Huntsman, a veteran diplomat and former Utah governor struggling to win over voters in the GOP nominating contests, looked to paint himself as uniquely qualified to address foreign policy questions that, so far, haven't been a deciding factor in the race. In a speech planned for Monday in this early nominating state, he called for a scaled-back U.S. role in international engagements, such as Afghanistan, and called for spending cuts at the Pentagon.
"Simply put, we are risking American blood and treasure in parts of the world where our strategy needs to be rethought," Huntsman said in remarks prepared for delivery.
Huntsman, who most recently served as President Barack Obama's ambassador to China, has laid the foundation for this speech in recent weeks and sought to contrast himself with Mitt Romney, the former Massachusetts governor who outlined his foreign policy approach in a speech last week in South Carolina.
In his speech, Romney said the U.S. will need 100,000 new troops and said Obama's budget proposals were a threat to the country's security. Huntsman would scale back the Pentagon, a position that puts him at odds with the GOP field.
"We spend more on defense than the rest of the world combined. We still have remnants of a top-heavy, post-Cold War infrastructure," Huntsman said.
"Simply advocating more ships, more troops and more weapons is not a viable path forward. We need more agility, more intelligence and more economic engagement with the world," Huntsman said.
He also criticized his former boss.
"President Obama's policies have weakened America, and thus diminished America's presence on the global stage. We must correct our course," said Huntsman, who worked for three Republican administrations before accepting Obama's offer to represent the United States in Beijing.
And while Monday's speech focused on foreign policy, he was set to frame much of the through a here-at-home message. With unemployment stuck at 9.1 percent and the economy struggling, voters are paying closer attention to their pocketbooks than world atlases.

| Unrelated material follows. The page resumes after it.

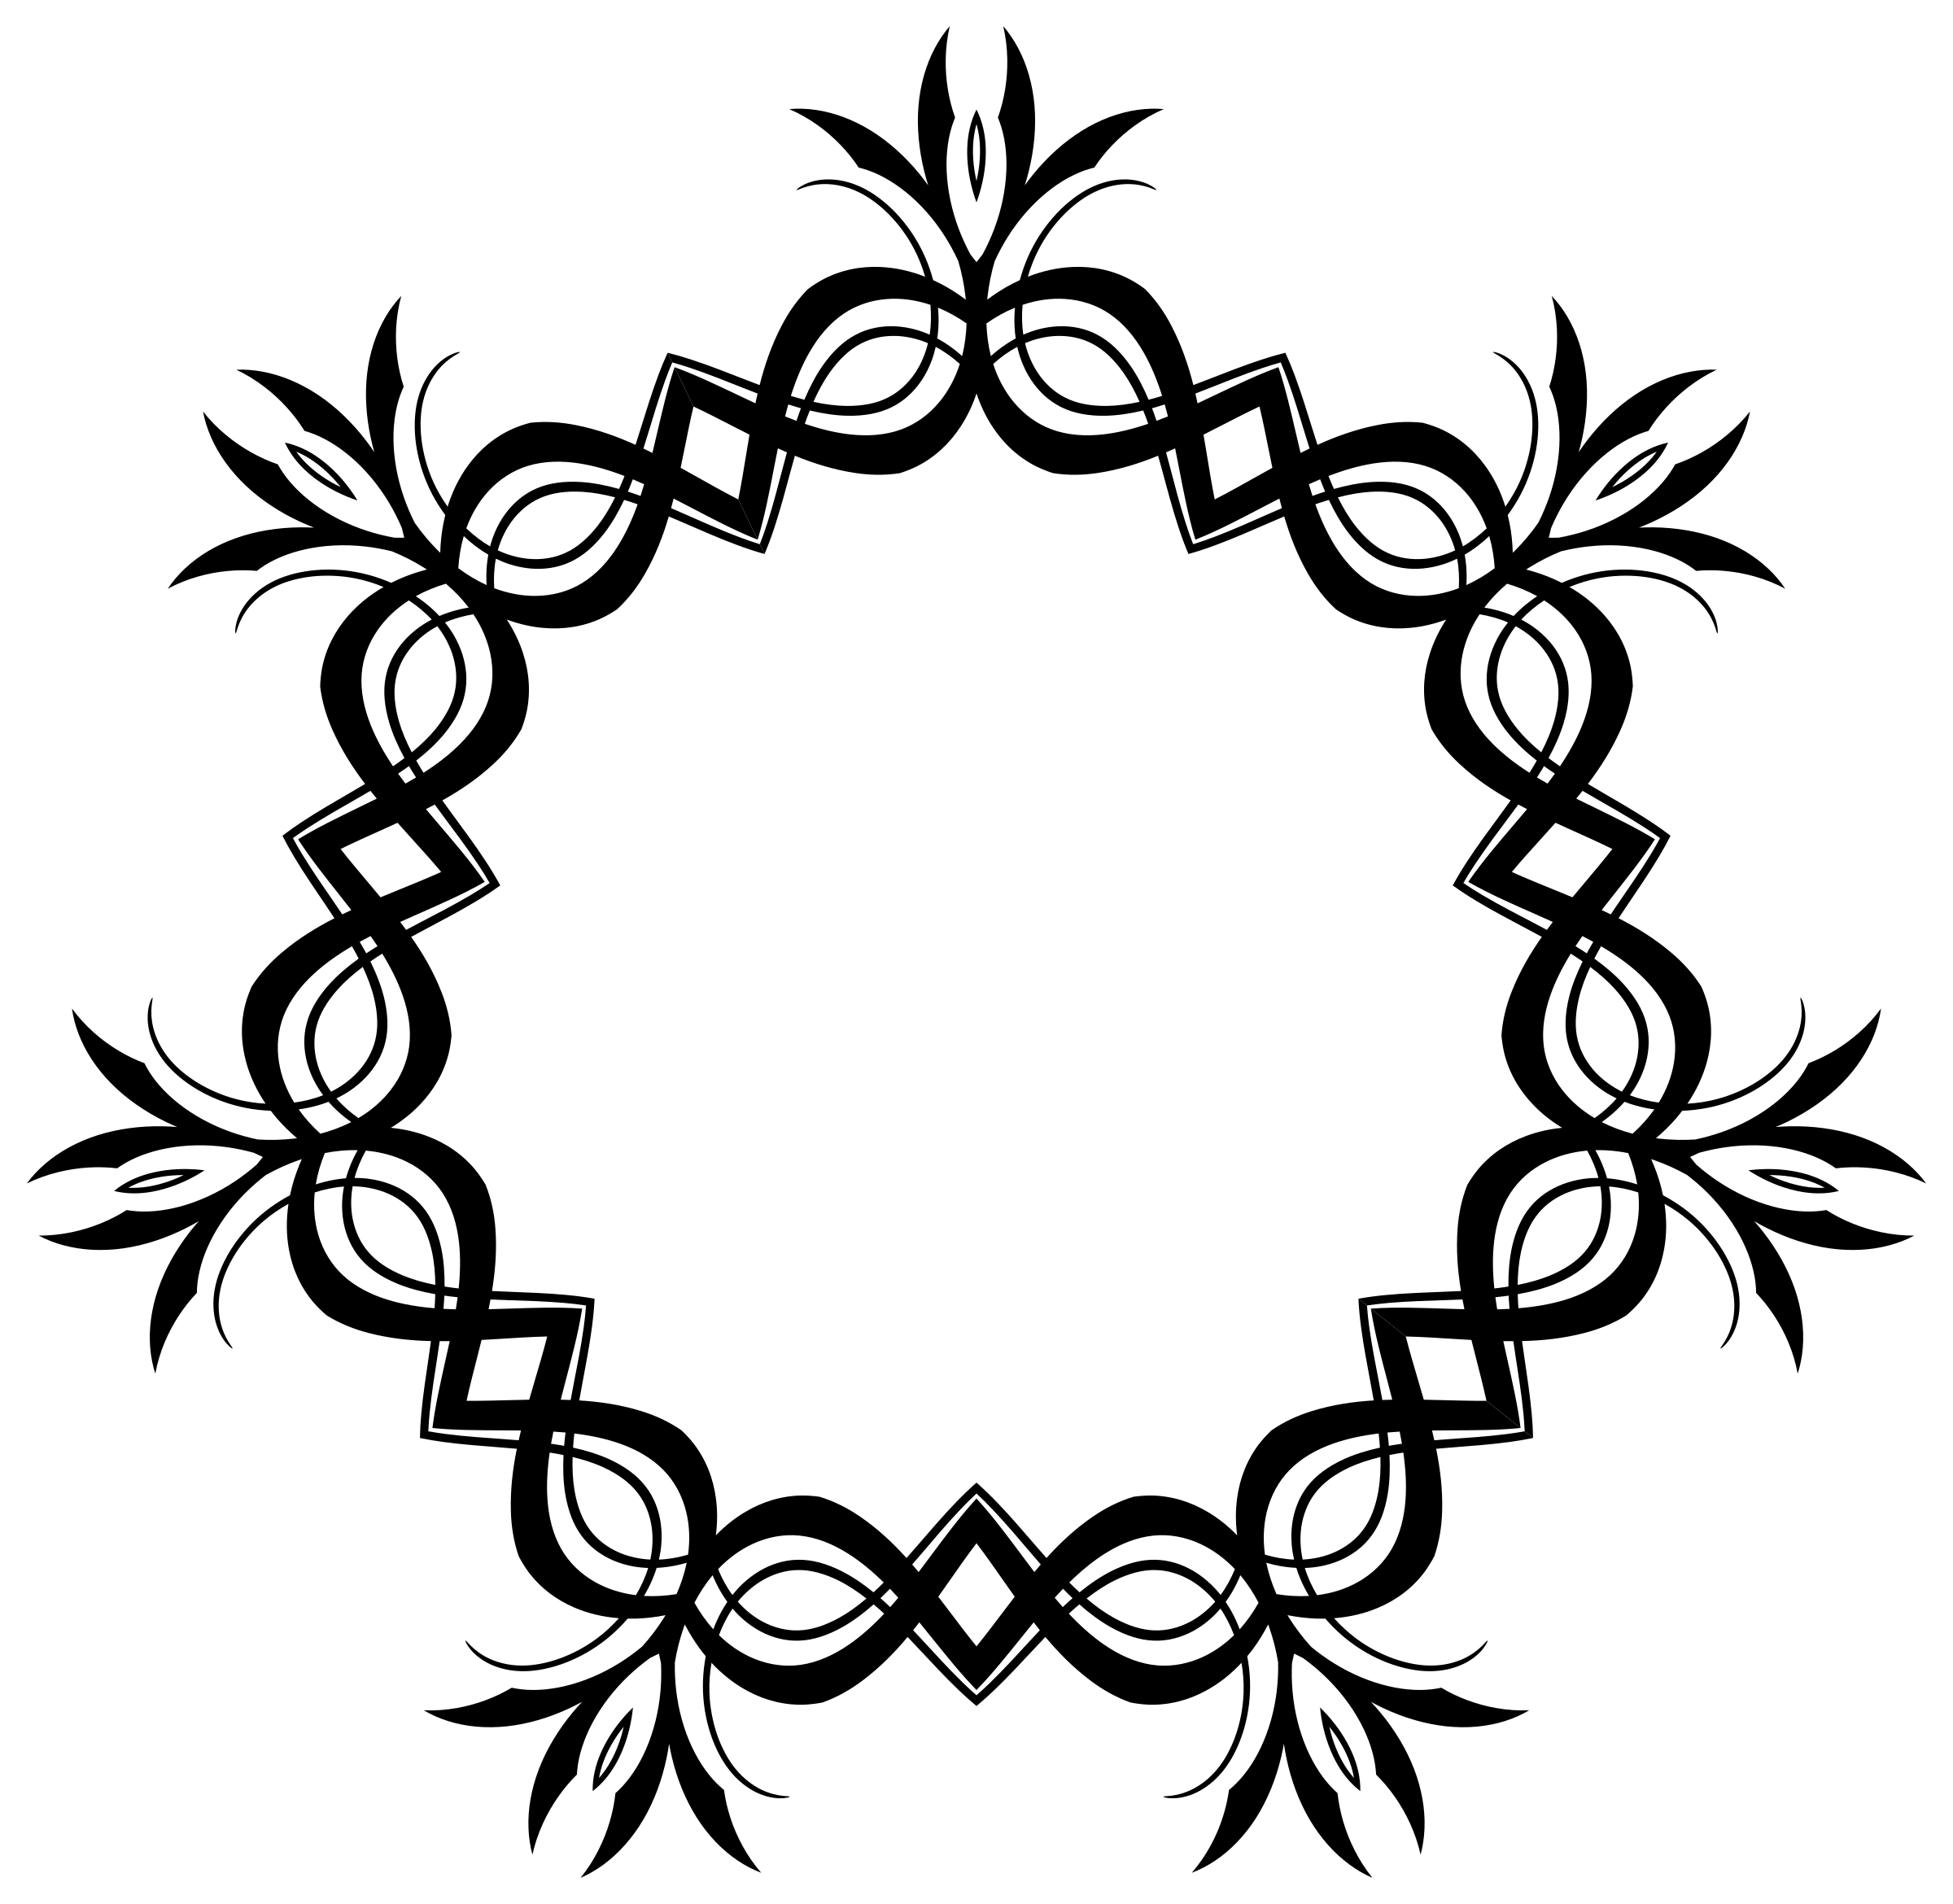 Clipart circle leaf. Round frame big image

"Returning people to work, reducing our debt, restoring confidence in our future -- fixing America first -- that will be my most urgent priority," Huntsman said.
"Today, we need a foreign policy based on expansion -- the expansion of America's competitiveness and engagement in the world through partnerships and trade agreements."
Huntsman cited trade deals Obama sent to Congress that could boost U.S. exports by $10 billion and create much-needed jobs
As he has said before, Huntsman said he supports winding down U.S. forces in Afghanistan, where more than $1 trillion has already been spent. Huntsman suggested "a much smaller footprint" on the ground within the year, "leaving behind an adequate number of counterterrorist and intelligence functions."
While Huntsman's remarks called for a scaled-back U.S. involvement, he was certain to note one exception: Israel and its neighbors.
"I cannot live with a nuclear-armed Iran," he said. "If you want an example of when I would use American force, it would be that."